# Cambridge area ice report



## Sr.Jigger (Feb 17, 2005)

Got out on a pond for 2 hour's this morning (5 acre strip pit). Only 2 1/2" - 3" of good ice.Vexilar showed fish on bottom (16') but no bite's. Snowing hard with wind. Checked several ponds and saltfork in several spot's. Just not enough ice to move around much. I'd have thought it would have been a good 4" but barely 3". Only got 2" of light snow today here. Really need 3 good C O O L night's right now. So close but still not there yet.


----------



## wave warrior (Oct 2, 2005)

not what i wanted to hear! did you check cabin day??? thats where im headed in the morning!


----------



## Sr.Jigger (Feb 17, 2005)

I didn't go down into cabin bay. It could be fishable ?


----------



## Sr.Jigger (Feb 17, 2005)

Sunday update,,
Spent 3 hours this morning going around Saltfork to my ice fishing spots checking the ice. Just disappointing !! We can't seem to get cold enough weather long enough to get safe ice. It's only 2 1/2" of hold your breath ice and it's not evenly frozen. I wouldn't tell anyone - go ahead and go but be safe because it ain't worth it.

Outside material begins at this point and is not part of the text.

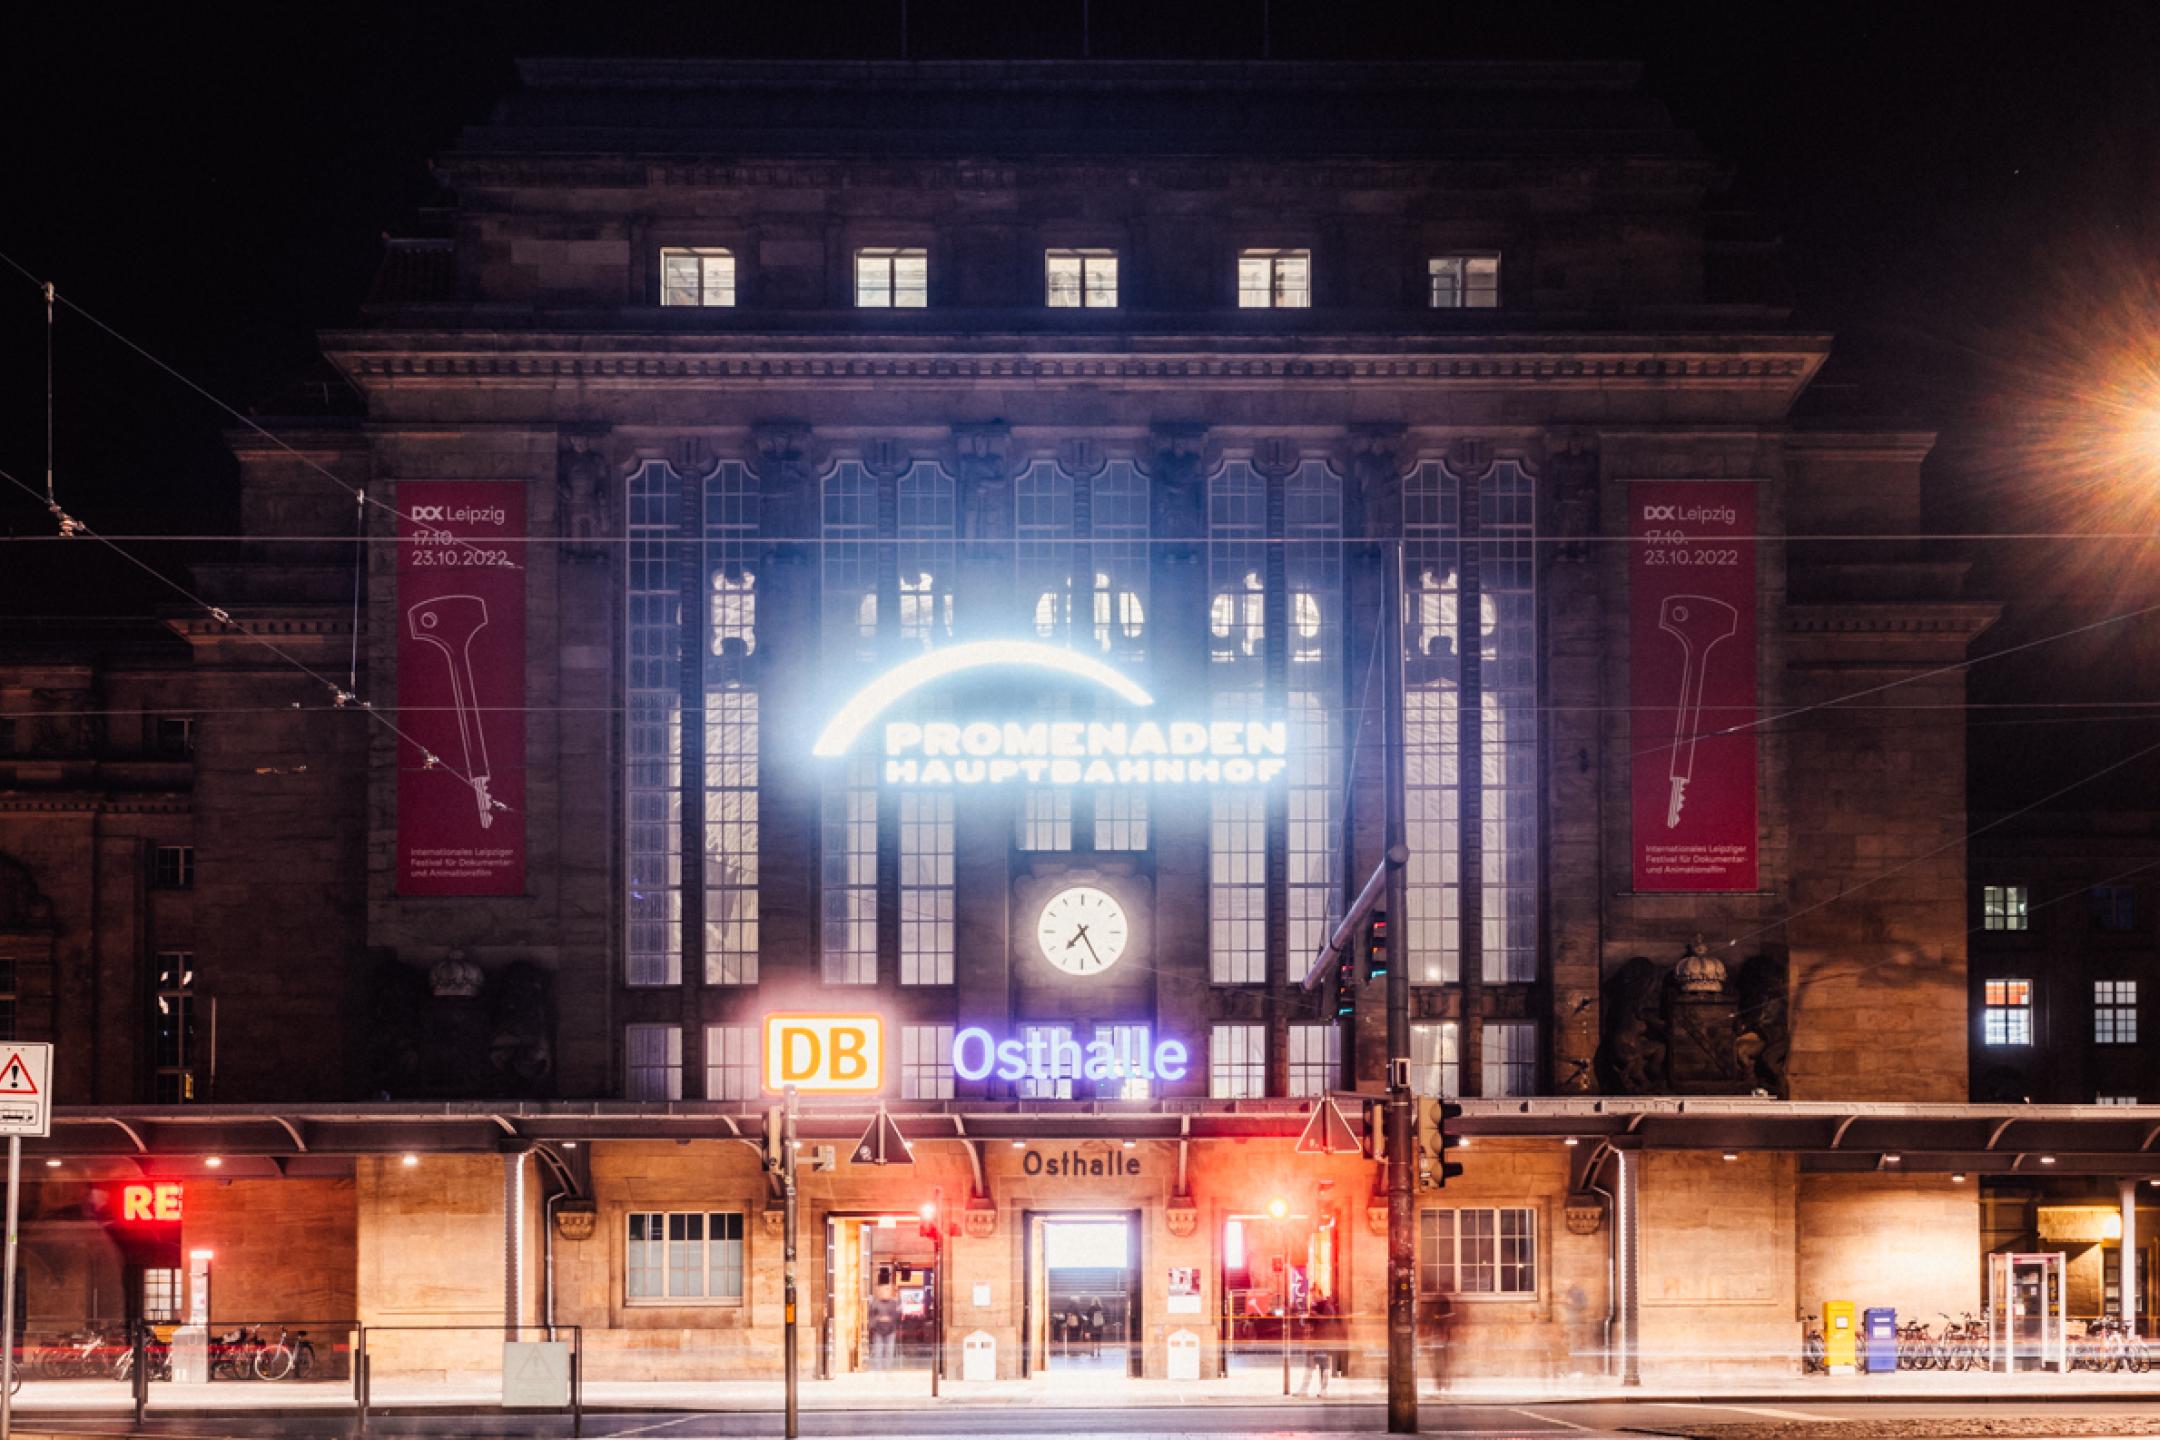 Das Hauptbahnhof-Gebäude in Leipzig von außen bei Nacht. Über dem Eingang leuchtet das Schild "Osthalle".

So pissed !! Saltfork has the dam gates open letting water out which causes
the bank line ice to be all broken up and stair stepped down (perfect place to go through) water down 2' since ice started to form.

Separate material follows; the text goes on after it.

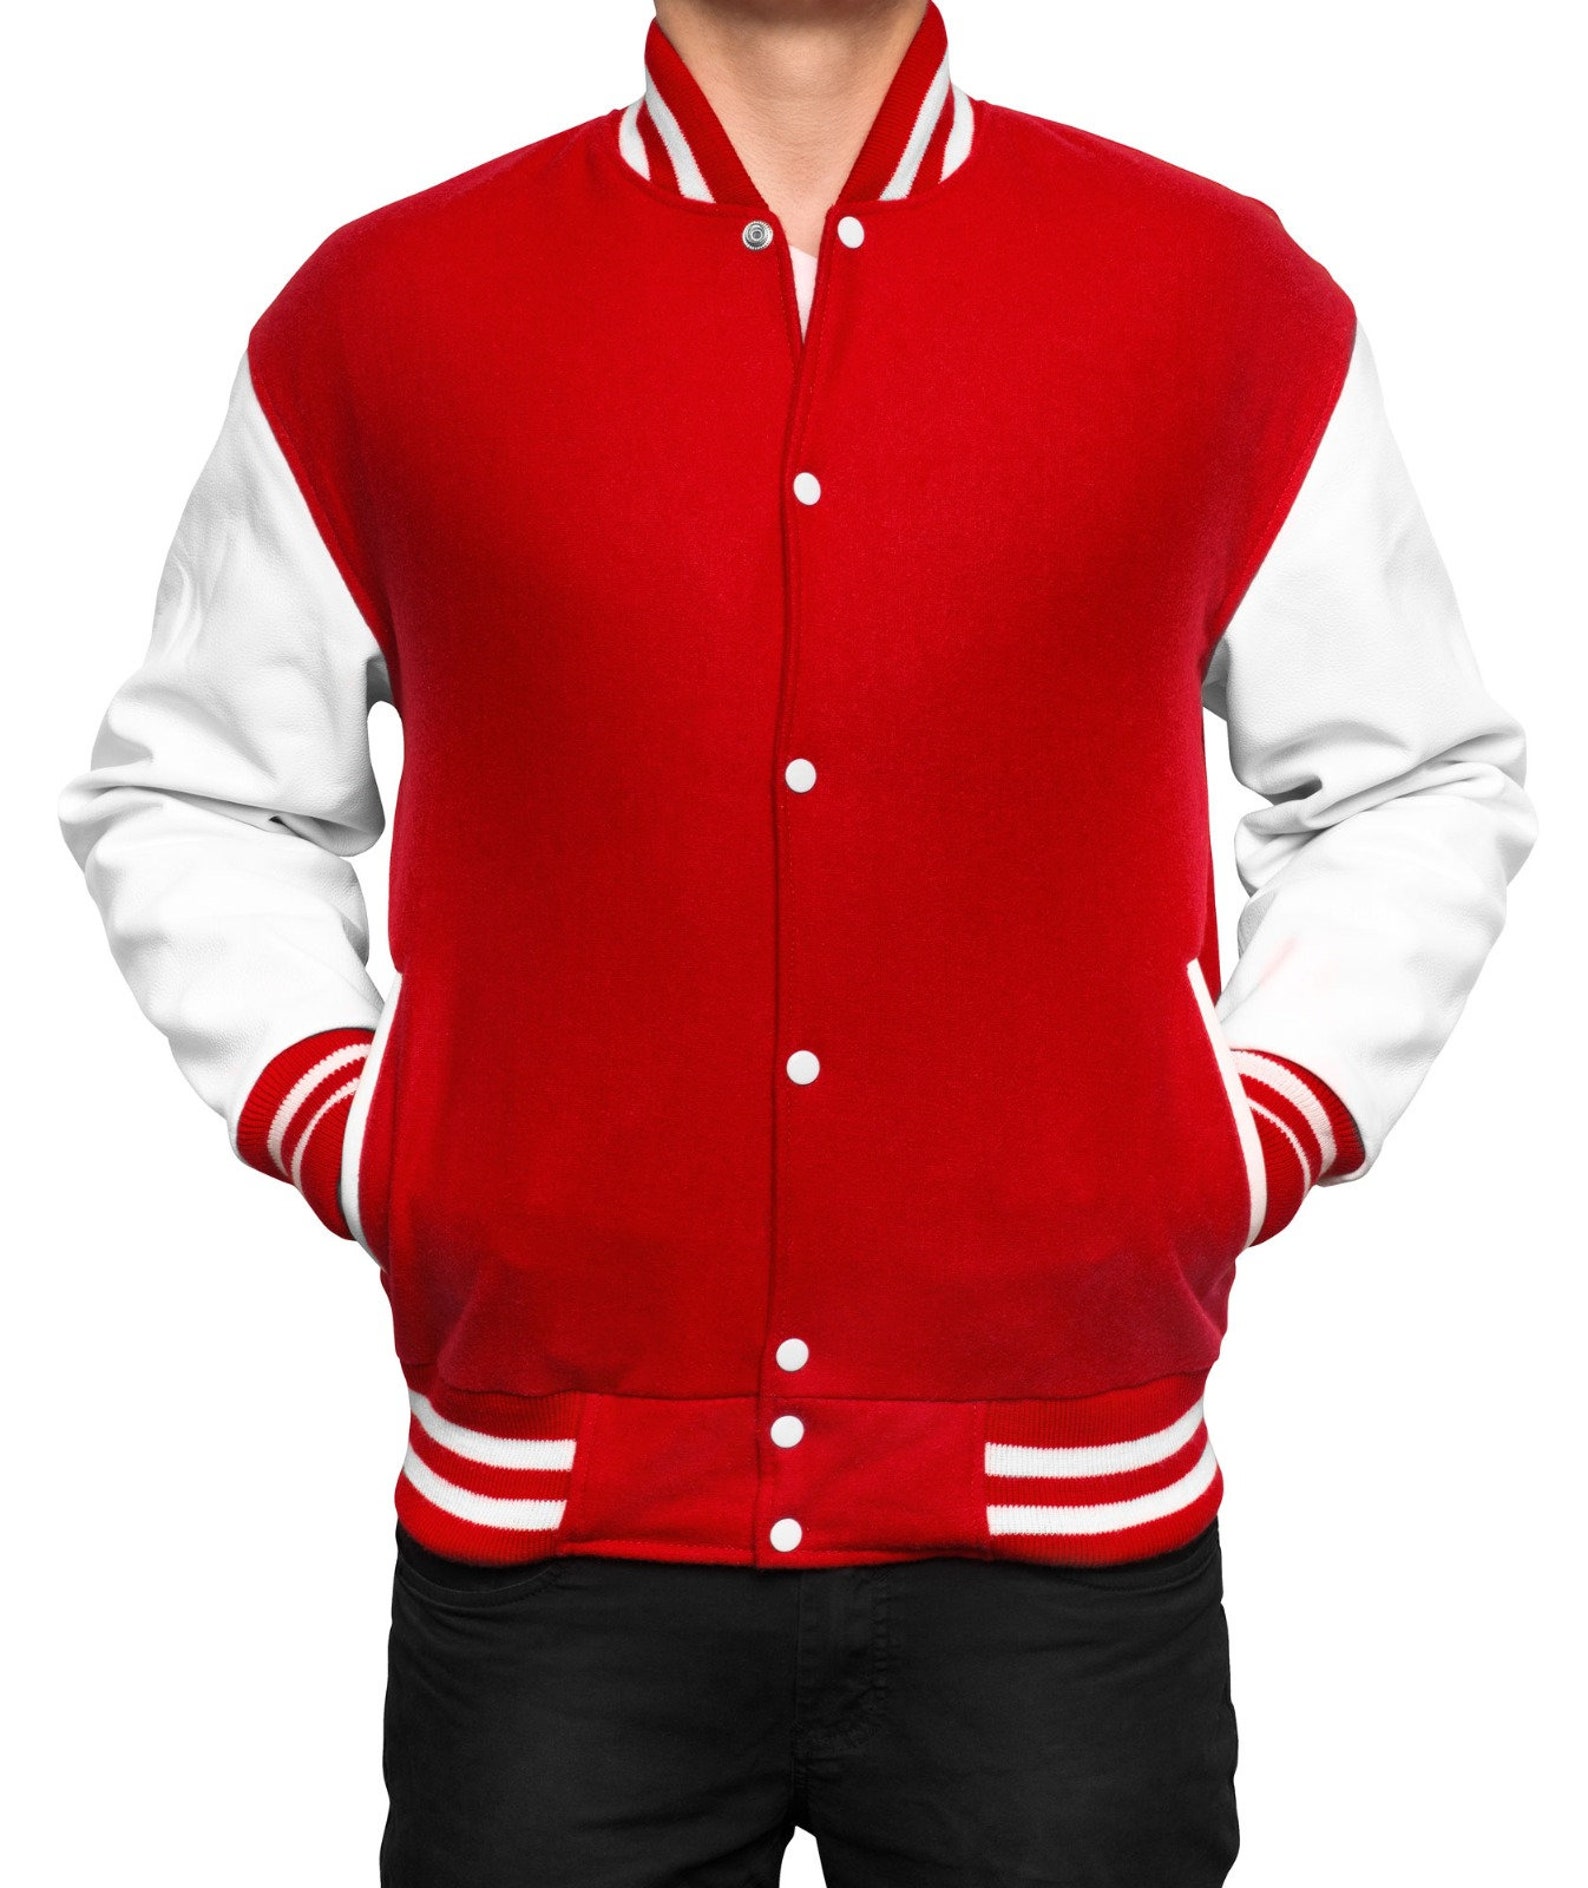 Personalized Varsity Jacket Letterman Style Jacket available | Etsy

Next Sunday I'll be heading 10 hours travel up north to upper Michigan for a week of ice fishing. May never see good ice in Ohio this year (again). Sure hope I'm wrong.....


----------



## wave warrior (Oct 2, 2005)

hit cabin bay sat morning...2 1/2'' is the most i found, average was 2''...fished it for an hr...a few crappie and an 8# channel cat...pucker factor ran me off!! checked over by stone house/stump cove...same deal, ended up at atwood...small fish but 4'' clear ice...i really want to fish the fork but not on 2''!!!


----------